Indien gibt so viele Rätsel auf. Beim Versuch zu begreifen fällt manchmal Lehrgeld an. Überall in Indien sieht man Sadhus. Oder man glaubt, dass es Sadhus sind. Weil man es nicht besser weiß. Sadhu ist Sanskrit und bedeutet guter oder heiliger Mann. Je nachdem, wen man fragt. Sadhus haben allen materiellen Besitz freiwillig hinter sich gelassen und verschreiben sich ganz der Suche nach Spiritualität. Natürlich sehe ich sie auch in Rishikesh. Ein Mann, der wie einer der Sadhus gekleidet ist, ist mehrmals täglich im Ashram zu sehen. Nach einem Spaziergang am Ganges laufe ich ihm in die Arme und er singt für mich. Er hört gar nicht mehr auf und irgendwie ist immer Krishna im Spiel. Das ist schön und befremdlich zugleich und mich beschleicht ein Gefühl des Unwohlseins, das ich wegzuschieben versuche.

Echte Sadhus sind eigentlich sehr zurückhaltend und auf sich konzentriert. Man gibt ihnen ein paar Rupien oder etwas zu essen und dann zieht jeder seines Weges. Das hier ist anders und mein schlechtes Gefühl soll mich nicht täuschen.

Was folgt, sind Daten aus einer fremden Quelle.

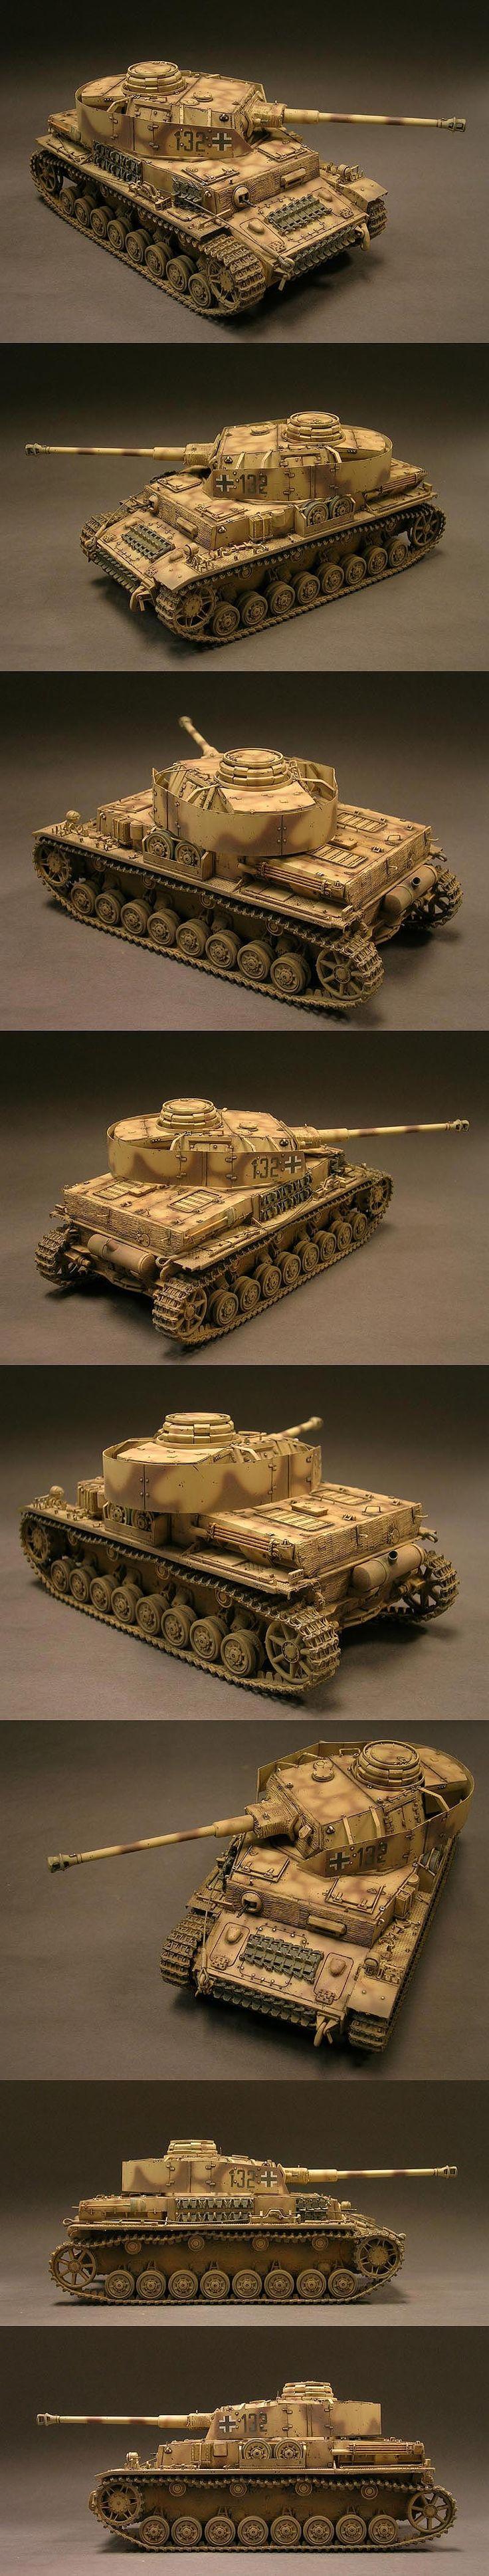 Panzer IV Ausf.J 1/35 Scale Model

Der Mensch, der mir hier gegenübersteht, ist weniger an Spiritualität als an Cash interessiert. Obwohl ich das bereits spüre, höre ich ihm zu, versuche aber zu signalisieren, dass ich raus will aus dieser Situation – noch unsicher, ob ich nicht doch einen heiligen Mann mit meinen Vorurteilen geringschätze.

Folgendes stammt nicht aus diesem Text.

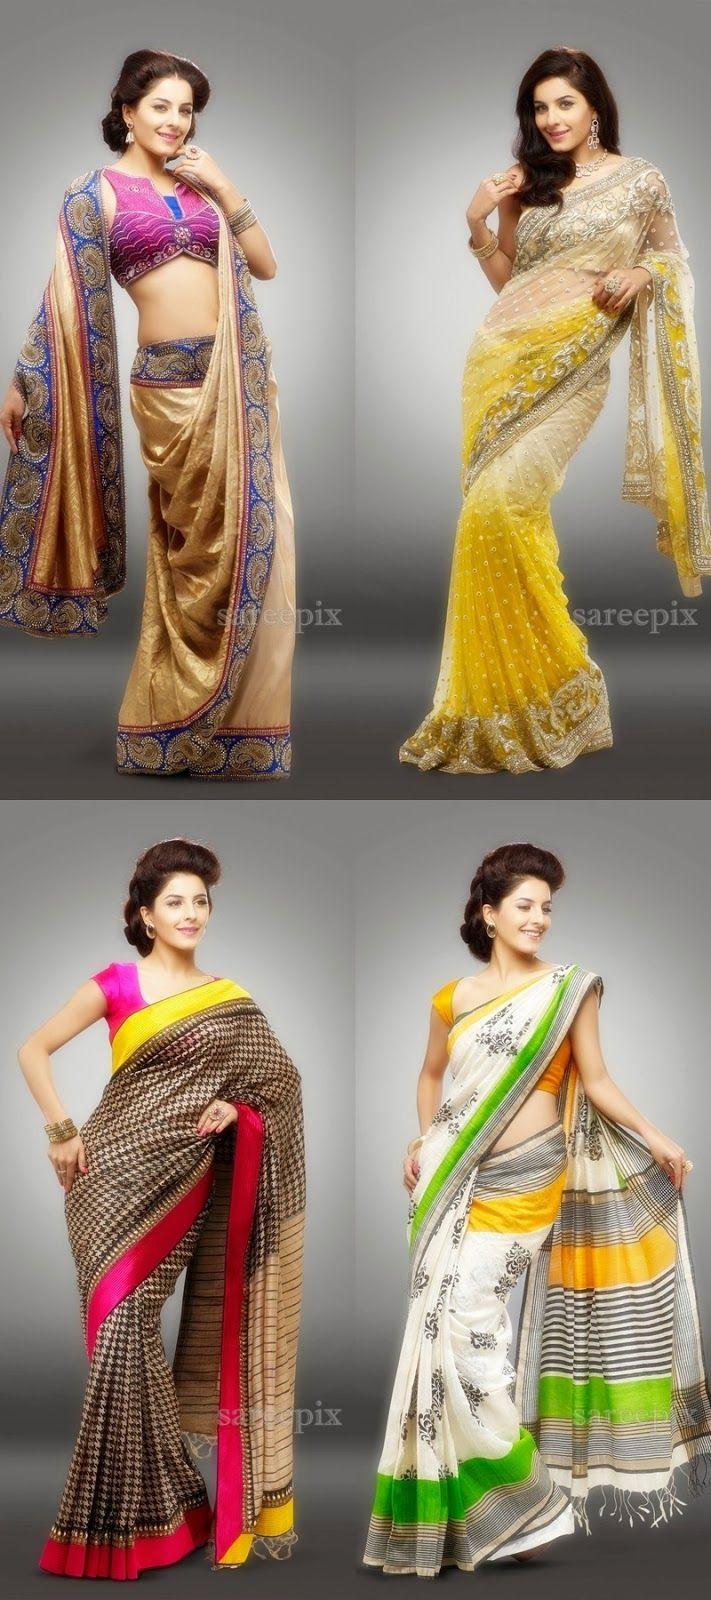 Telugu actress Isha talwar in sarees and lehengas

Nun „darf“ ich den Gesang filmen, was ich gar nicht will, aber ein Anflug falscher Höflichkeit und Faszination lässt mich mein Handy zücken. Natürlich hätte er gerne ein bisschen Geld und weil es ohnehin schwer zu entscheiden ist, wem man in Indien nun gerade warum hilft, gebe ich ihm ein paar Scheine. Noch singend nimmt mich dieser Mensch in den Arm und noch ehe ich mich aus dieser Annäherung befreien kann, drückt er mir ein Küsschen auf die Wange. Wer Indien kennt, weiß wie hochgradig unangemessen das in diesem Land ist. Ich lasse den Nicht-Sadhu sitzen und ziehe von dannen, wütend auf mich selbst, weil ich nicht auf mein wirklich ziemlich verlässliches Bauchgefühl gehört habe. Aber so ist Indien: Es schenkt so unglaublich schöne Augenblicke, die tollsten Begegnungen, die lehrreichsten Gespräche, aber es gibt eben auch immer wieder diese Situationen, in denen man Lehrgeld zahlen muss.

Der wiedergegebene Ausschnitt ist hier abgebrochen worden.